Retail chain Forever 21 entered the metaverse in December when it opened a virtual store on Roblox, a digital gaming platform popular with children. Users come into the multilevel digital store on a carpet with paparazzi snapping photos and, once inside, their avatars can buy furniture, clothes and accessories and try on makeup.
But Jamie Salter, founder, chairman and CEO of New York-based Authentic Brands, which owns Forever 21, thinks it's too early to say what role the metaverse will have for core retail businesses. Salter said brick-and-mortar locations still have a future even if the metaverse, a 3D version of the internet where people interact in an environment resembling the physical world, proves to be a vital revenue generator in selling goods and services.
"The experience of physical retail is really, really important," Salter said during a panel at the Milken Institute Global Conference this month in Los Angeles. Now the discussion of retail in the metaverse is continuing this week at the ICSC Las Vegas conference, where shopping center owners are comparing notes on the future of the industry.
Brandon Isner, Americas head of retail thought leadership at CBRE, said Monday at ICSC Las Vegas that while there's an increased level of business activity in the metaverse now, much remains to be learned from how the platform can interact with commercial real estate. That's in part because the metaverse itself isn't fully formed yet.
"Some feel like that the true metaverse doesn't actually exist yet because it remains a fragmented place," he said.

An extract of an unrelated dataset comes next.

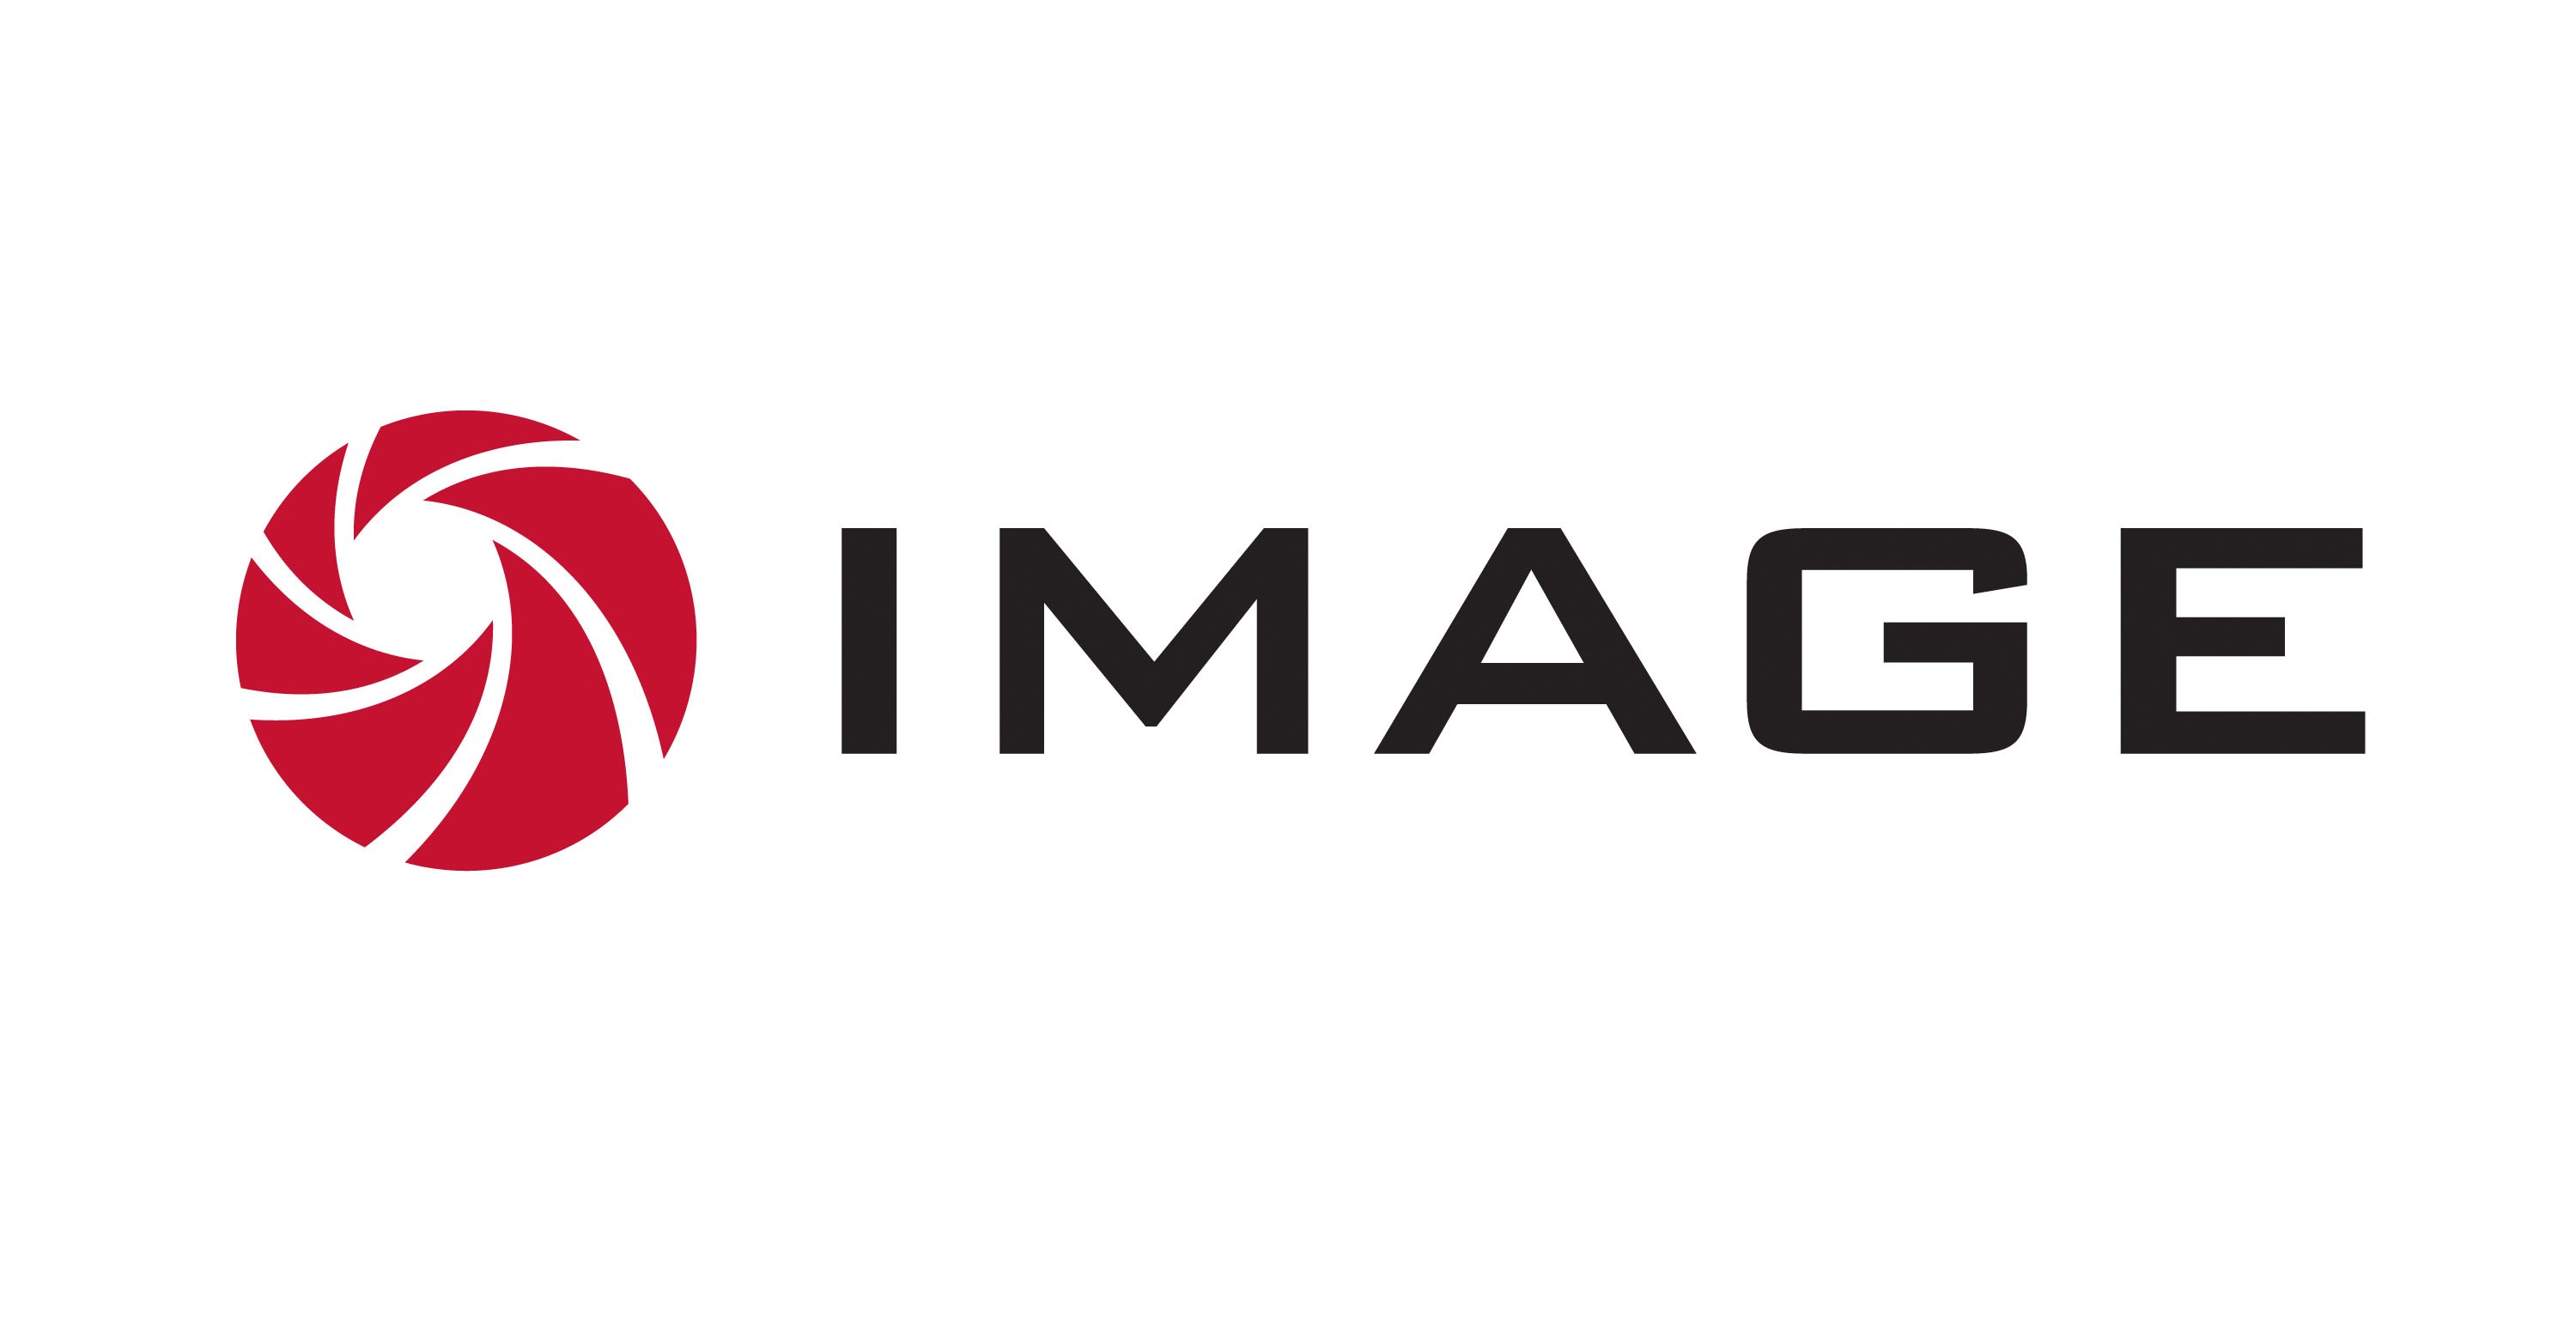 Image Studios

Proponents argue the metaverse is "e-commerce 2.0" and that virtual malls will allow users to try on products, interact with friends and connect with sellers while digital shopping, according to a March report from Citi GPS. That may mean big business for retailers, as the metaverse may have up to 5 billion users by 2030 and have a total addressable market of $8 trillion to $13 trillion, according to the report.
Not everyone's buying into the metaverse.

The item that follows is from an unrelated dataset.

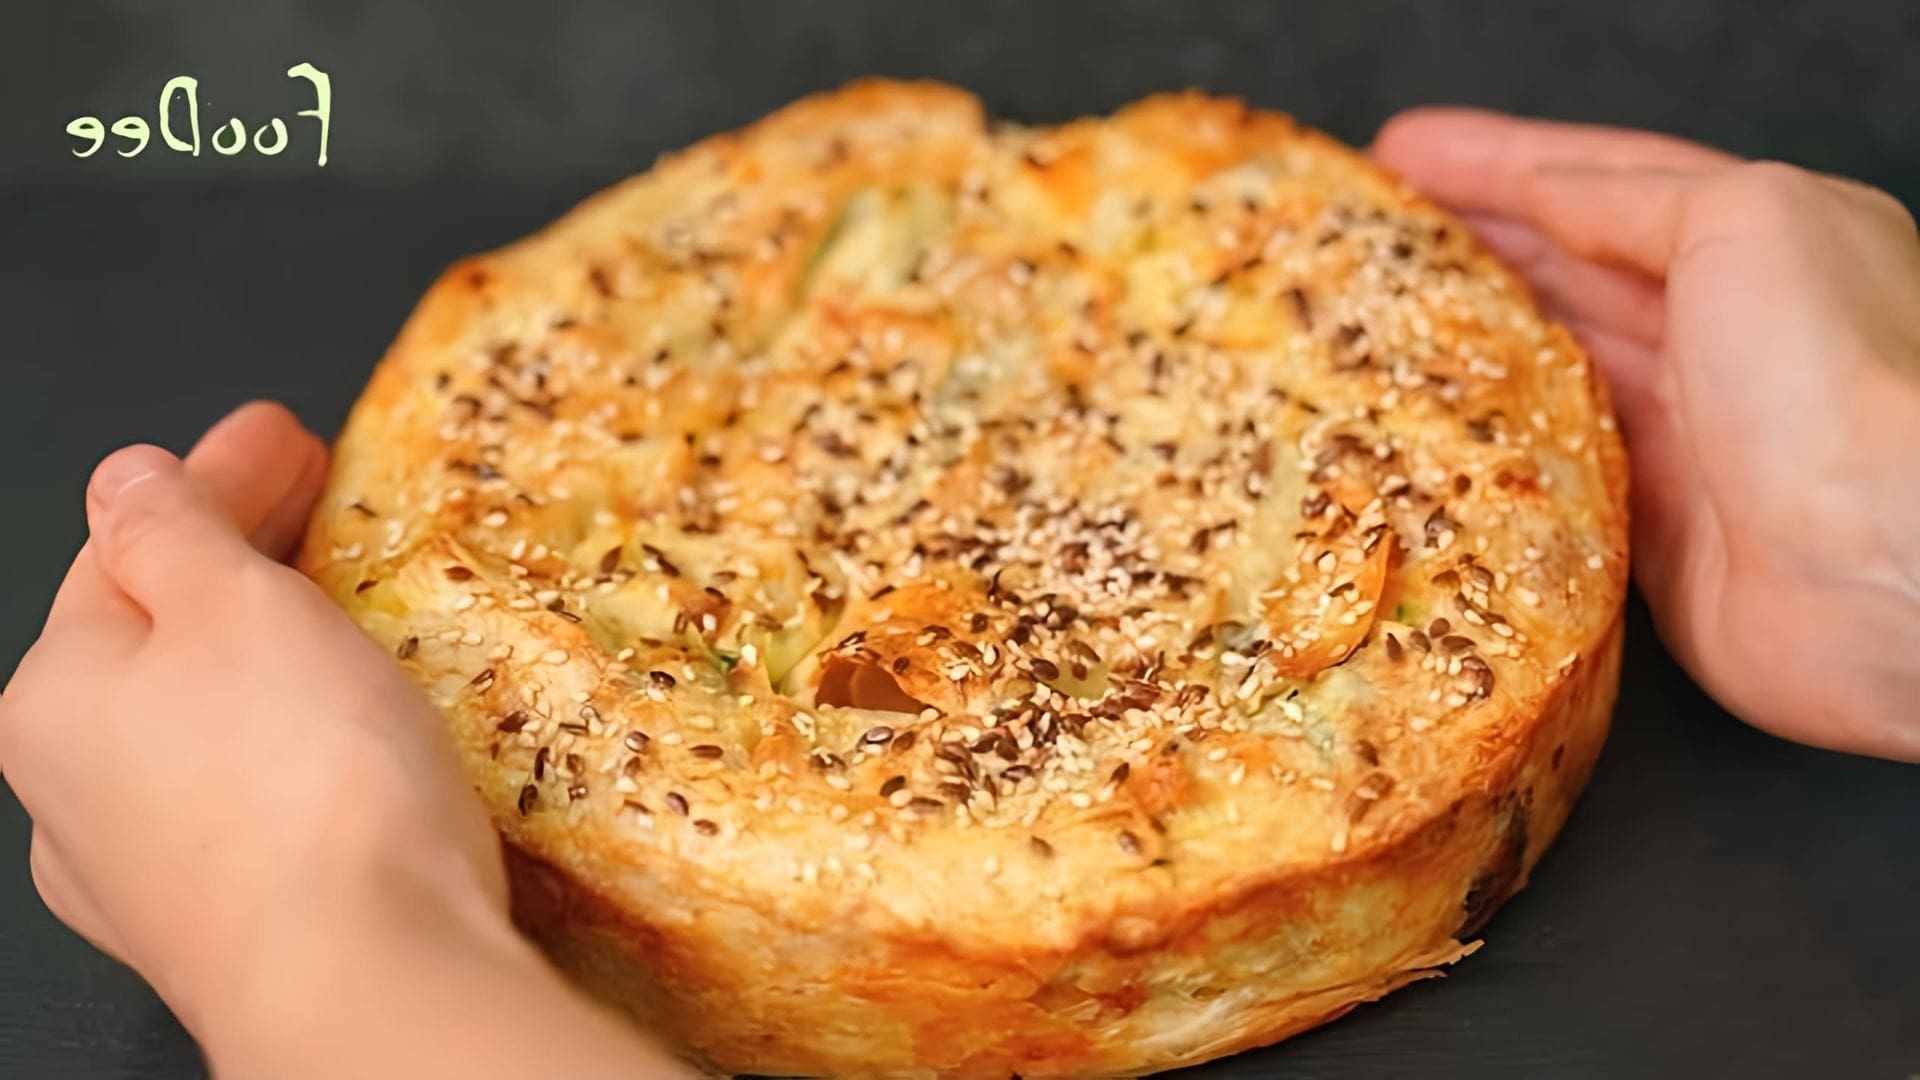 В этом видео демонстрируется рецепт приготовления пирога из лаваша с сыром, шпинатом и сливочным маслом

Garrick Brown, director of advisory services and business development for Walnut Creek, California-based Lockehouse Retail Group, said metaverse technology such as virtual reality headsets is years away from becoming more accessible to everyday users.
"Retailers have to pay attention to what happens there, but it's in such [an] early stage," said Brown, who had been talking about the issue even before the ICSC Las Vegas this week.
Some physical retail landlords don't think the metaverse is a fad, but neither do they believe it poses a threat to brick-and-mortar business. Sandy Sigal, president and CEO of Los Angeles-based landlord NewMark Merrill Cos., said at least 20 of the company's tenants are thinking about their role in the metaverse. Sigal, who like Brown has been discussing the issue for a while, said the metaverse will have its fits and starts as it grows but that it's a valid world that will have a marketplace.
"I think physical real estate will have a counterpart in the metaverse, and eventually they may be competitive, but in the long run I would bet on them being complementary," Sigal said.